/ 21 February 1997

MPs’ asset register based on `good faith’

Rehana Rossouw

THE law requiring members of Parliament to declare their assets and financial interests and extra-parliamentary income may be well-meaning but it is nearly impossible to uphold, according to the person responsible for administering the register.

Acting registrar of members’ interests, Peter Lilienfeld, said that without funds to hire investigators to check out MPs’ disclosure statements, he has had no option but to trust that MPs will disclose their financial interests. Lilienfeld also called on the public to report inaccuracies in their MPs’ statements to Parliament.

The M&G discovered some discrepancies in the information supplied by an MP in May last year, but was unable to determine whether the missing information had been deliberately withheld or disclosed confidentially.

The Register of Members’ Interests has three sections: one for public disclosure, one dealing with employment outside Parliament and a confidential section.

So while some MPs have listed their properties – some even gave addresses – in the public section of the register, others appear to have chosen to list them confidentially.

For example, the M&G ascertained last September that NP MP Abe Williams owned 11 properties in the Western Cape. He listed three in the public register.

Lilienfeld said it was possible that Williams had listed the remaining eight properties in the confidential section of the register, but he was not at liberty to confirm this. The same could go for African National Congress MP Winnie Mandela, who was named in court by a bank as the bond- holder for a property in Soweto that she did not disclose in the part of the register available to the public.

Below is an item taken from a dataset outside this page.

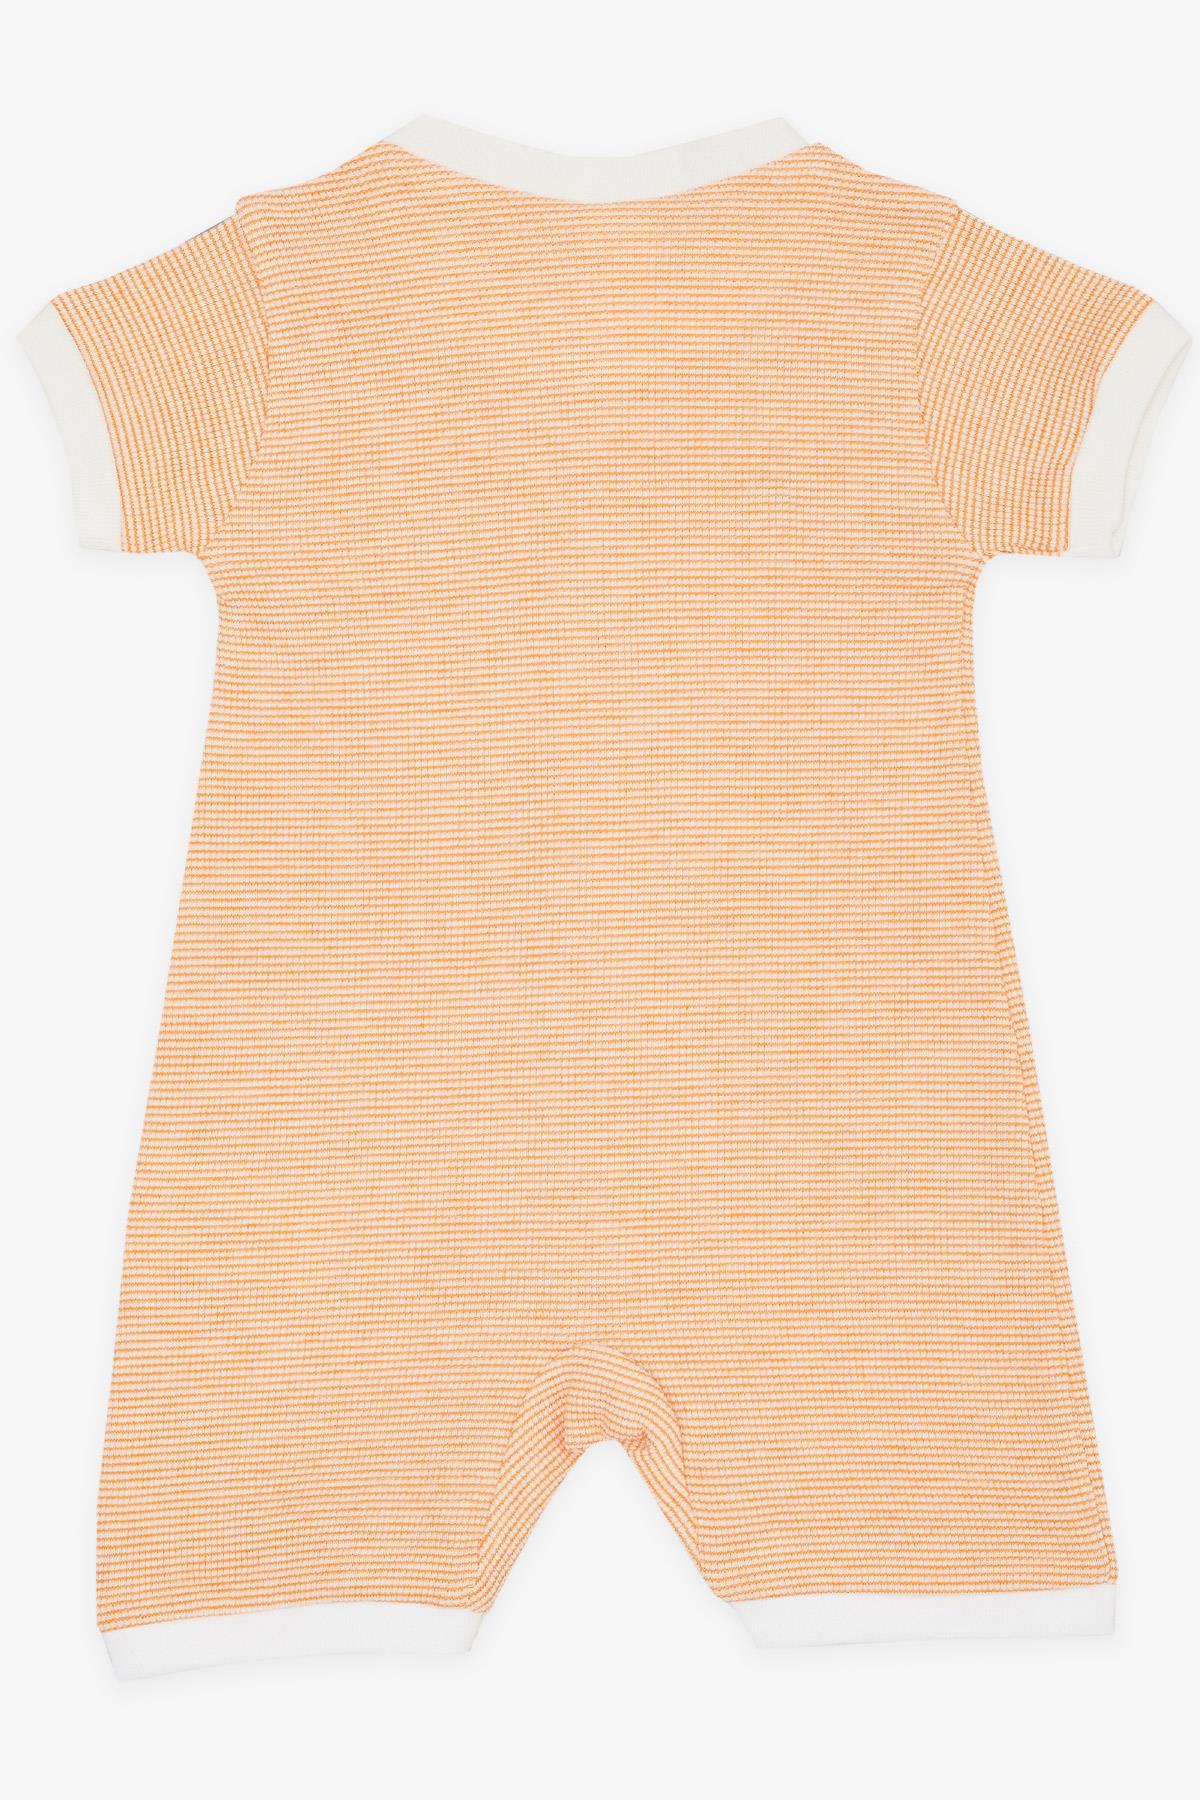 Kız Bebek Şortlu Tulum Minik Kare Desenli Turuncu 0-9 Ay - Pamuklu Bebek  Tulumları | Breeze

`The confidential part of the register is only open to myself and the parliamentary committee on members’ interests,” he said.

“The code can be reviewed and changed … It has to be seen as a massive first step. I cannot go out and investigate whether a person has more properties than has been disclosed unless I receive a complaint from the public.”

Lilienfeld said he had noted the disclosure by Education Minister Sibusiso Bengu that he held shares in a publishing company that produces educational material, but would not take further steps.

“He complied with the code by declaring that he owned the shares. He will only be required to cede ownership if someone complains. It is not up to the registrar to be pro-active and search in advance for conflicts of interests,” he said.

“The whole system is based on good faith, not on the registrar releasing information about members of Parliament to the public.”

MPs are required to list all gifts in the public section of the register. Although only two MPs had disclosed that they had been given cellphones as gifts, the M&G has ascertained that at least eight more have received them.

l The M&G reported last week that deputy speaker Baleka Kgotsitsile listed the total value of her gifts, including a Technics CD player, at less than R350. She pointed out this week that what she had said in her statement was that none of the individual gifts was valued at more than R350.